Japan Cliché No. 9: Extreme Harmony

Despite its 14 million people, Tokyo is the quietest city I have ever lived in. In two months, not once have I heard a horn honked in anger or frustration. I’m convinced this is the most culturally foreign aspect of Japanese society. When is the last time you went four minutes in New York without hearing some aggressive honking?

Only once did I hear a Japanese person raise his voice in the heat of conflict, and this immediately occasioned profuse and deep bowing from everyone around him, embarrassed by his loss of control.
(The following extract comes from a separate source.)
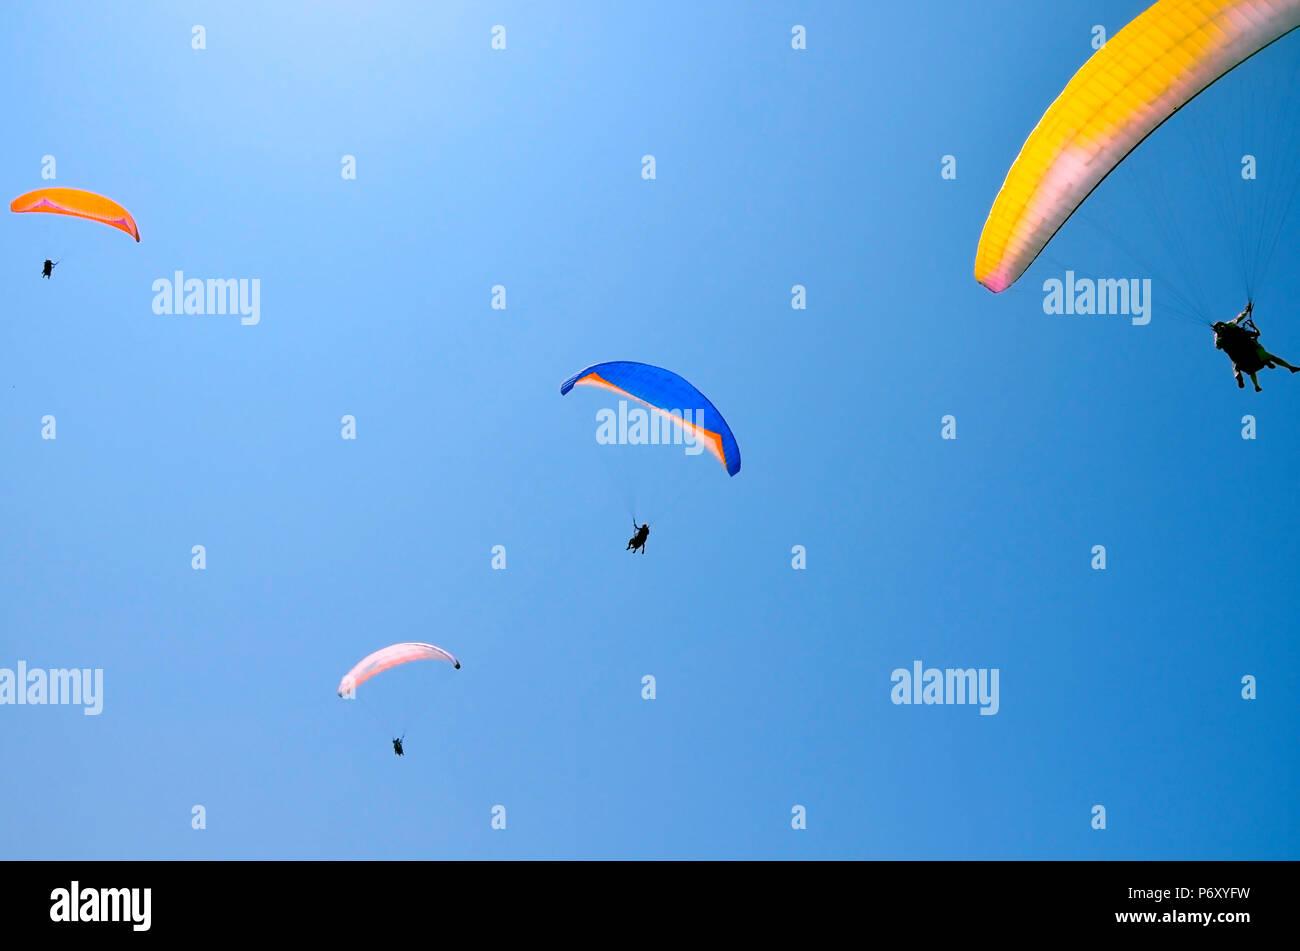 Paroplane Gruppe gegen den blauen Himmel fliegen. Über dem Mittelmeer, Israel. Extreme Sport, das Leben genießen, schätzen die Zeit, Tandem Paragliding, Stockbild
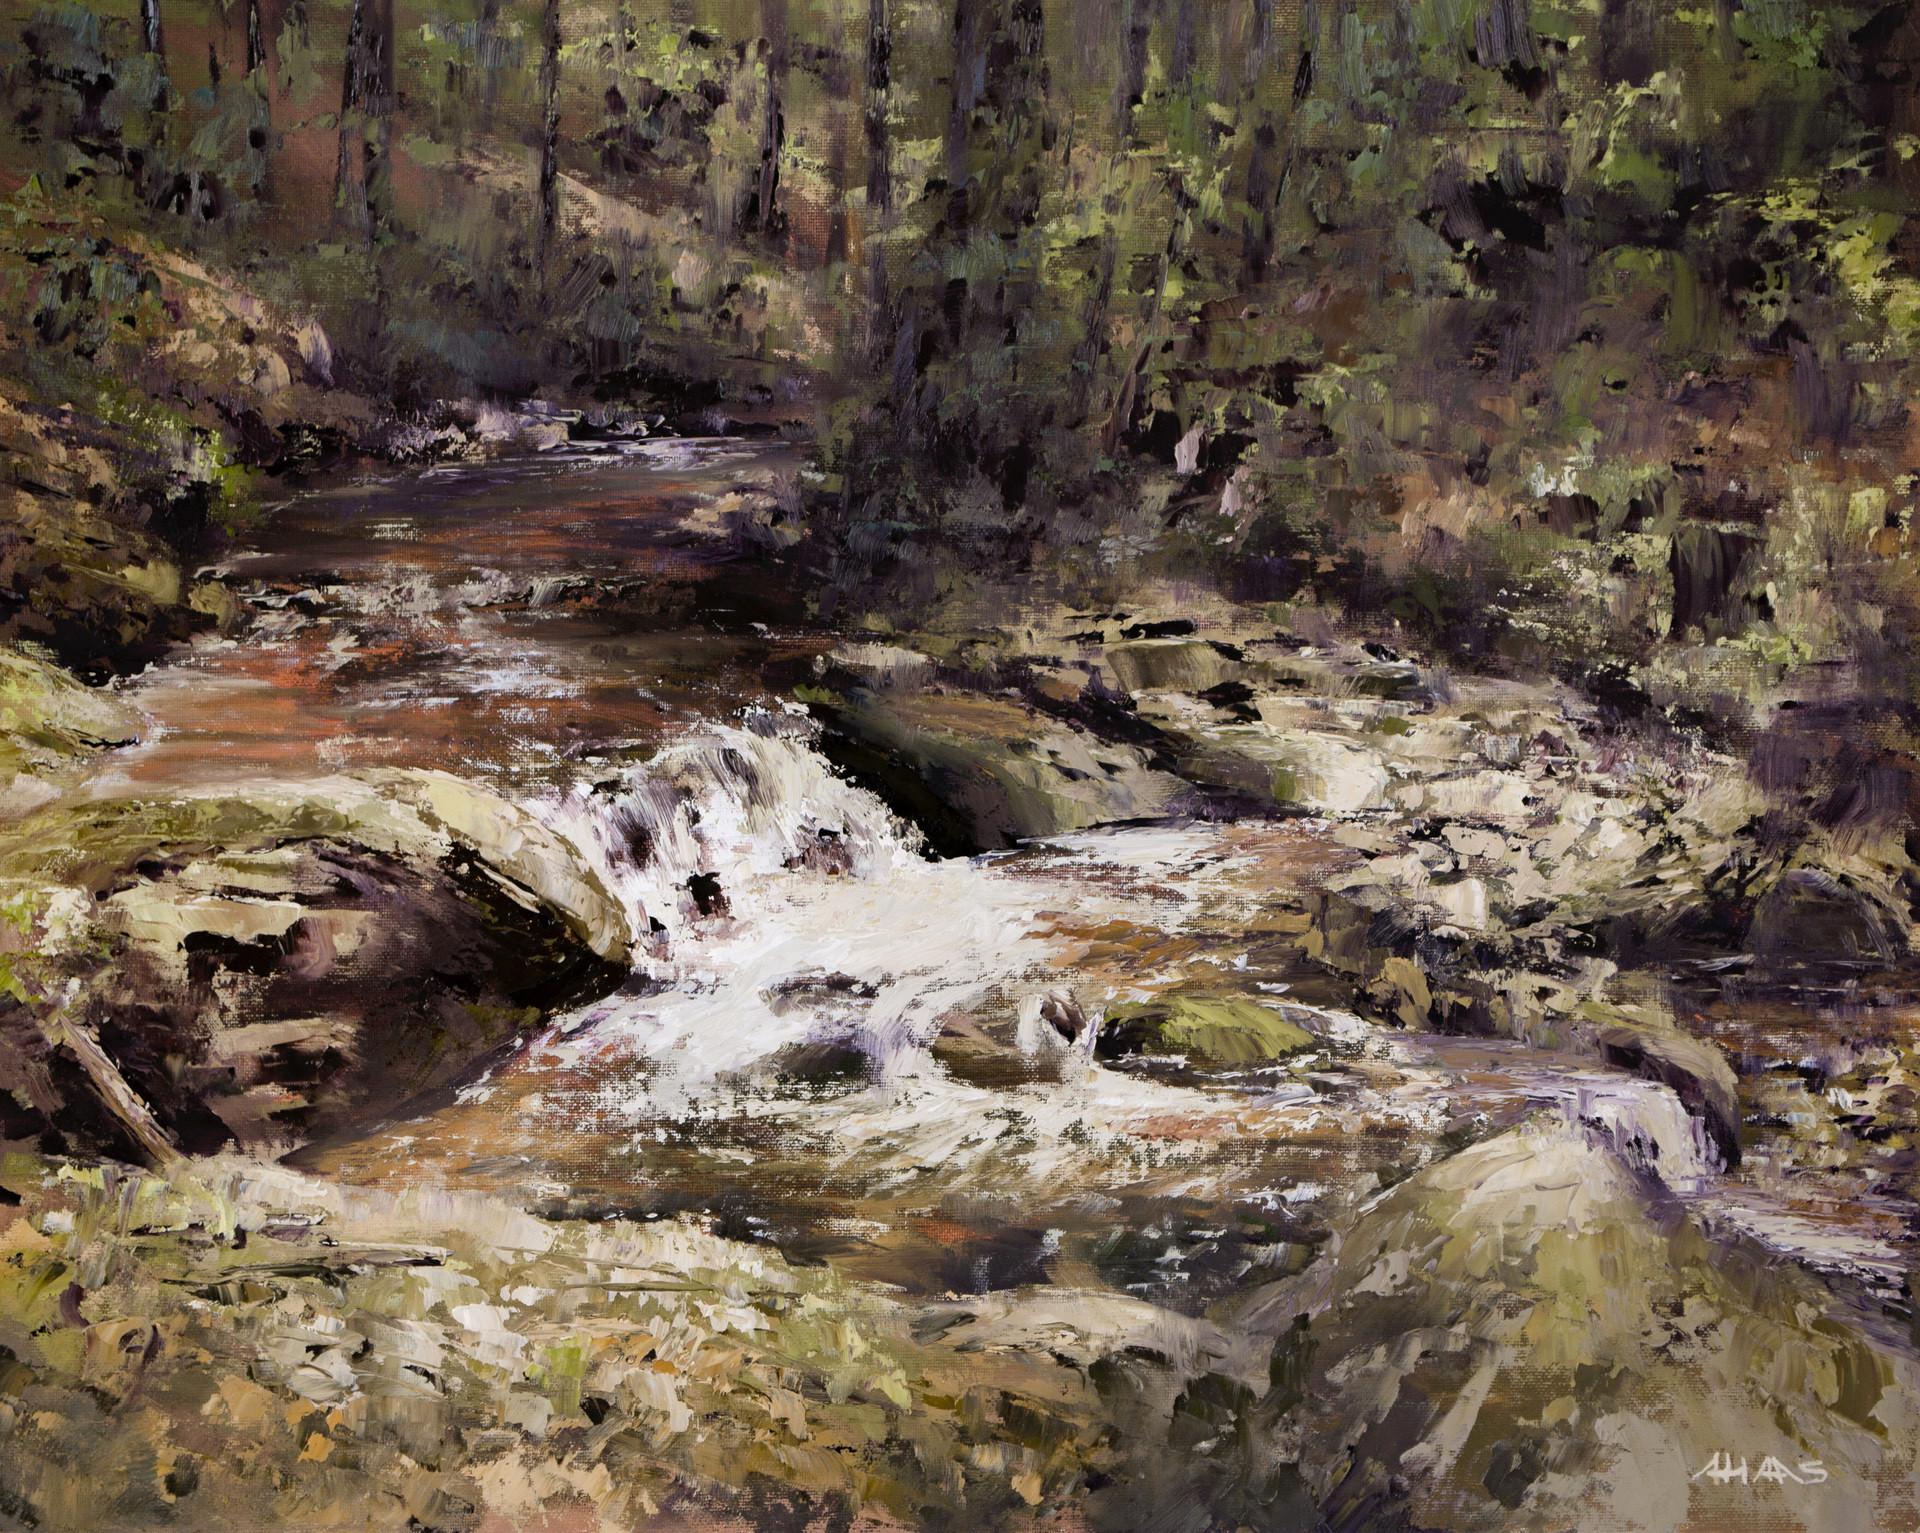 Arthur haas arthur haas waterfall v small

Japan Cliché No. 10: Incomparable Arcade Games

I have become addicted to an arcade game here. I’m not sure if it’s come to the States yet, but if not, I hope it comes soon. This game consists of a display screen, two large kettle drums, and two pairs of tethered drumsticks. A song plays through speakers, and complex instructions flash on the screen, directing you to play specific beats in time to the song. Sometimes you hit one stick at a time, sometimes you hit both at once, and sometimes you need to hit a rimshot. Sometimes there are drum rolls. Sometimes the song is “Y.M.C.A.,” by the Village People. And sometimes, when you play the two-player version, the game offsets your beats so you and your opponent form polyphonic rhythms—beautiful teamwork amid cutthroat competition.

I am incredibly good at this game. If it didn’t cost 200 yen a pop, I would play all day every day, because I am so good that it is a waste of my gift not to play.

After the first few times I played, a strange new screen began to flash after nearly every game. I could not figure out what this screen was at first, because it was in Japanese. Then I realized: It was the high-score screen. I was setting new high scores every time I played. You could tell because it was asking me to select three kanji characters, and then these would display next to my score at the top of a list. This was deeply satisfying, because it demonstrated how beautiful was my gift. It was also deeply frustrating, however, because I don’t know how to write “ASS” in kanji characters.